Chromatography Forum

Dear All,

I was trying to determine the retention time of a supposed pure compound (2,3-dinitrophenol) using HPLC but detected and separated out 3 peaks instead.

Is there a way to determine which peak is the one that actually corresponds to 2,3-dinitrophenol instead ?

Thank you so much

Lance

Are you using any solvents? If so, try to run the solvent without putting any sample in and see what happens. Also, is your pure sample "in-date"? What is your sample preparation method?

or your " pure" standard is mixture of isomers?

JM

Thank you all for your suggestions.

The standard was prepared simply by dissolving and diluting in Milliq water. Is it possible to search for the literature value of absorptivity for my dinitrophenol compound and identify the actual dinitrophenol peak in my chromatogram by measuring the absorbance of each peak ?

See if same happens if you dissolve it in an organic solvent. What if you inject less? Does your mobile phase contain any acid? Have you investigated same by GC?

Are all the peaks of a similar size, or is one much larger than the others ?. All else being equal you would expect the largest one to be the compound of interest.

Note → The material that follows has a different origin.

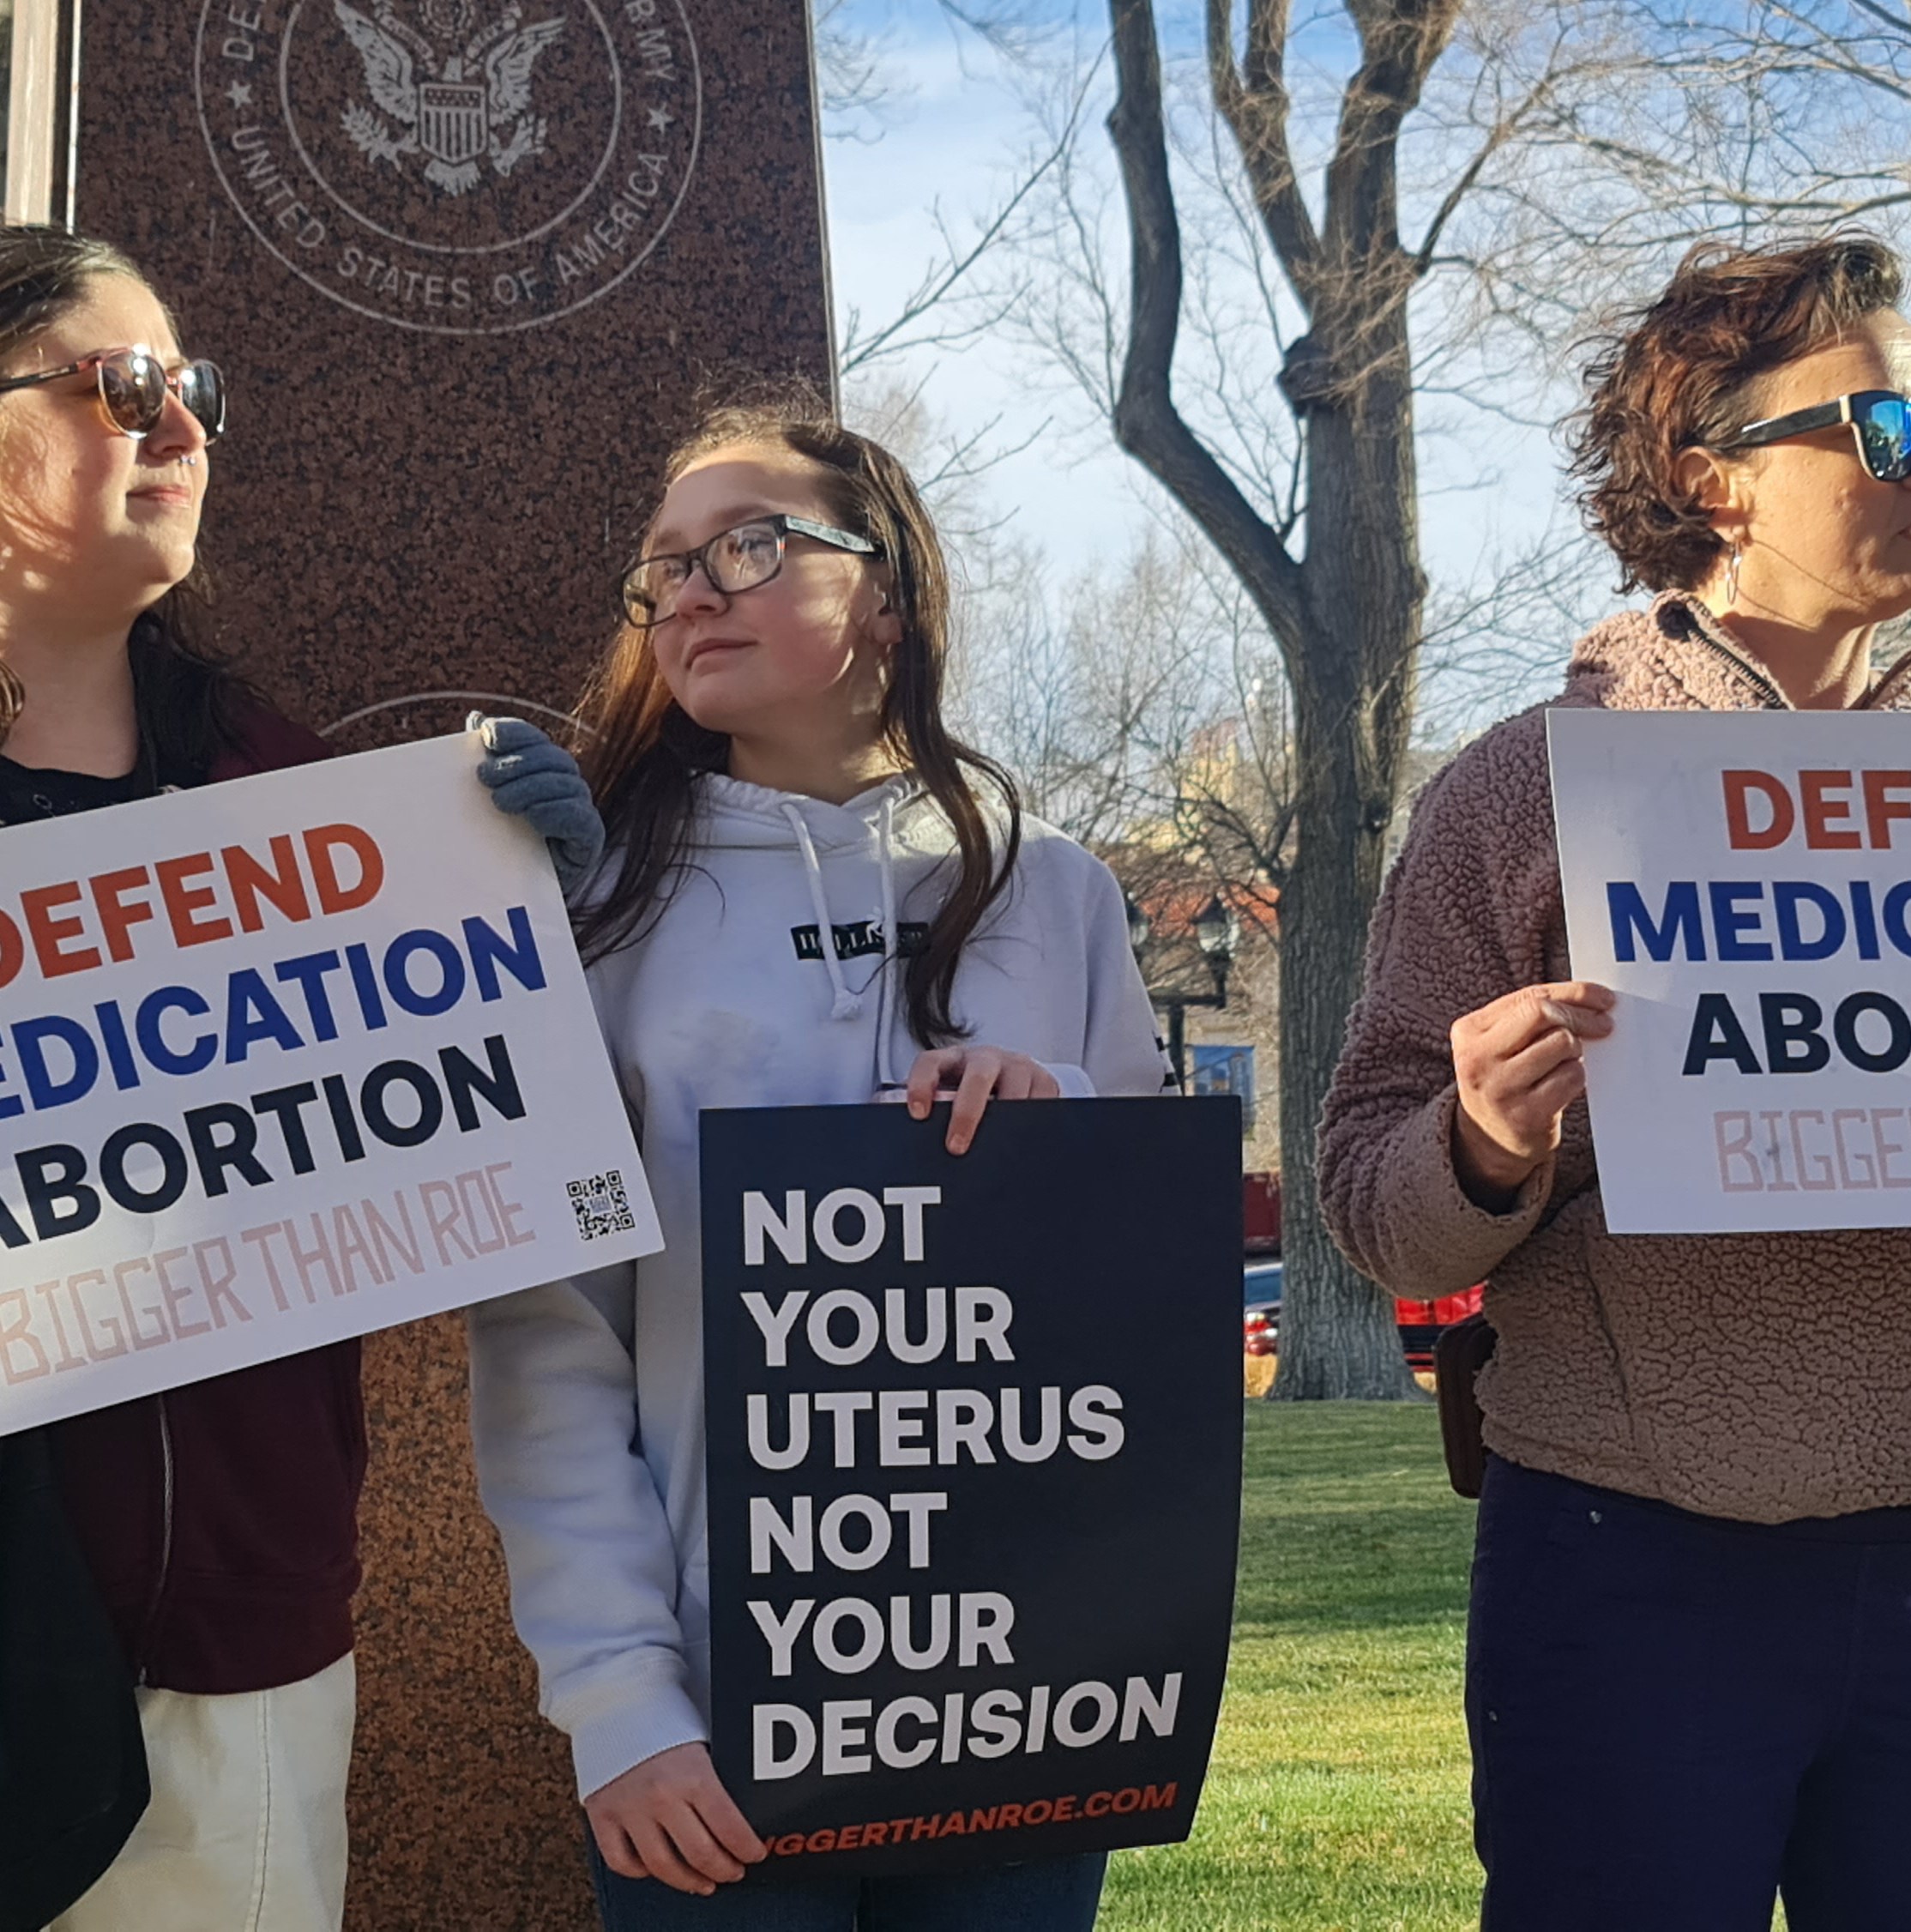 Abortion medication in America: News and updates

How pure is you compound expected to be ? Is it a standard, a certified standard a synthetic reagent or technical grade ? Are the peak area ratios in line with the expected purity i.e. is one peak 98% of the area for a 98 % pure compound.

The simplest check is to run the same compound from a different source and look for the peaks in common.

Peter

Dear Peter, thanks for your insights. I have a doubt: If my desired compound has a 98% purity, it does not mean my compound peak will be 98% while the impurity peak is 2%, as they have different molar absorptivities. What I am trying to say is that I don't think it's foolproof enough. Or is there some concept I missed?

Hi Lance

You are right about the different absorbtivities, relative peak sizes will be just a guide. If you have to be absolutley certain about compound identity and which peak is the compound you are interested in, you will have to use certified standards (and demonstrate no decomposition during analysis), or use an independent technique such as NMR, MS or GC.

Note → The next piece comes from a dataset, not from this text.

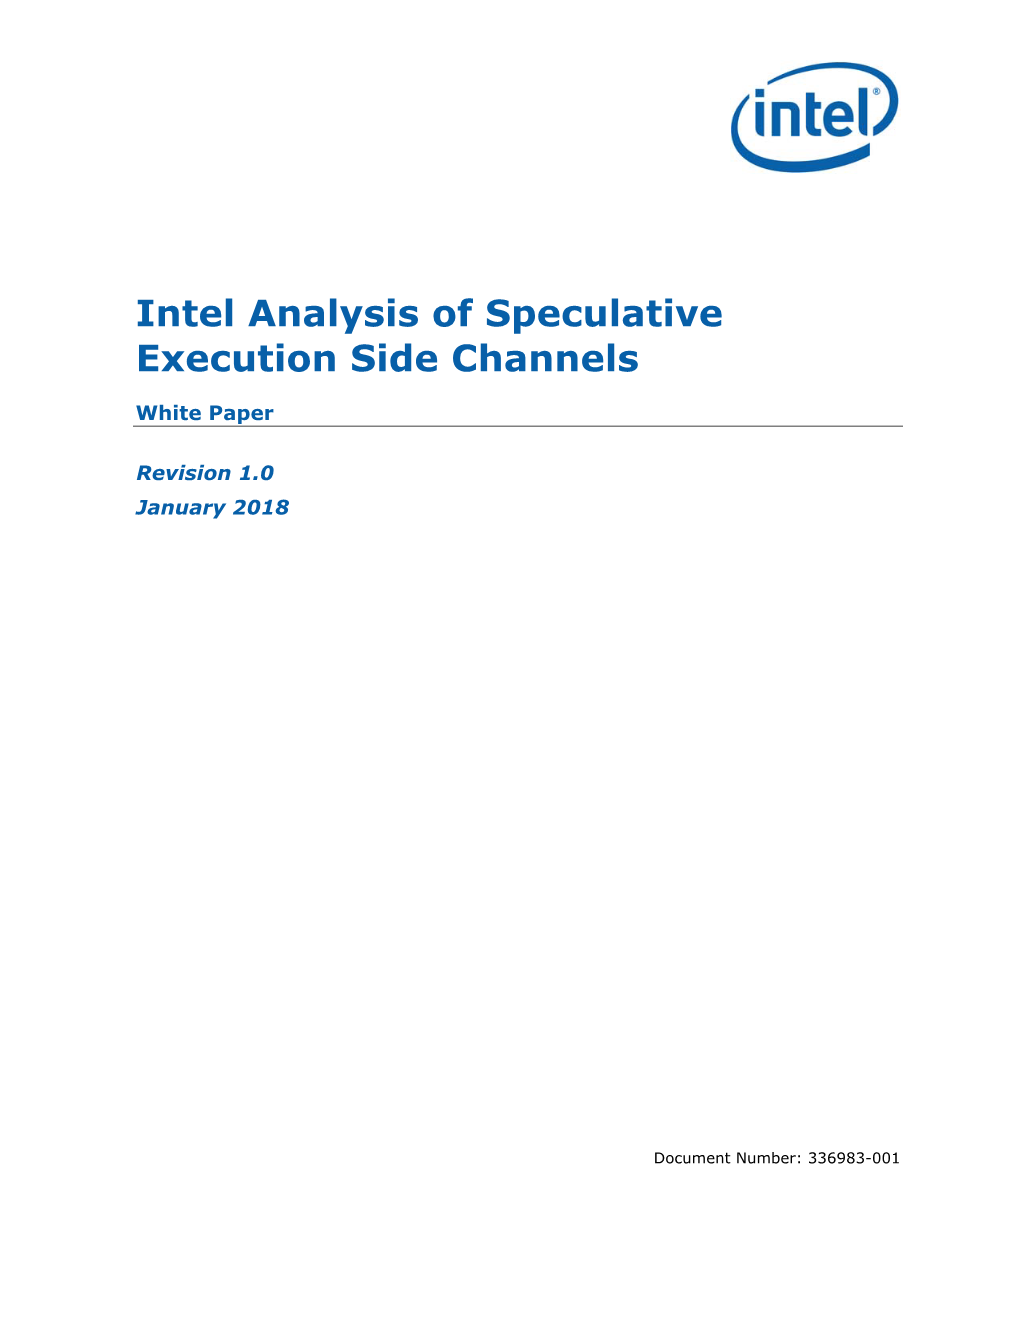 Intel Analysis of Speculative Execution Side Channels

The pressure changes are due to differences in viscosity.

Peter

I am afraid that you have to use LC/MS to find out the identity of those peaks. I really hate to face the same situation when we recieve a reference standard that is not pure to be used as a reference standard in the first place. Good luck.

You might try looking at expected reactants (phenol) and side reaction products (2,4-dinitrophenol) though even if the retention times match, I don't know if that would constitute "proof". By the way, I am not willing to bet the ranch on my suggested reactant or side products.

You could always try to obtain the same standard from another (commerical) souce hoping for higher purity or different impurities...

Another possibility would be, if the selectivity between your samples is "huge" you could try to inject a similar structurally compound... although I wouldn't be very satisfied with the implied assumptions...

you could try to use a diode array detector to verify that you are dealing with 3 isomers. What's the wavelenght?and how big are your peaks?and rt?
in this way you can preliminarly understand if the peaks can be isomers.

Nitrophenols are rather acidic. The UV spectra and retention times are quite pH dependent. For the most consistency, you should be using a buffered or acidified mobile phase. If you have a diode-array, the isomers do have very different spectra, and are easy to distinguish. LC/MS is actually less helpful in this case.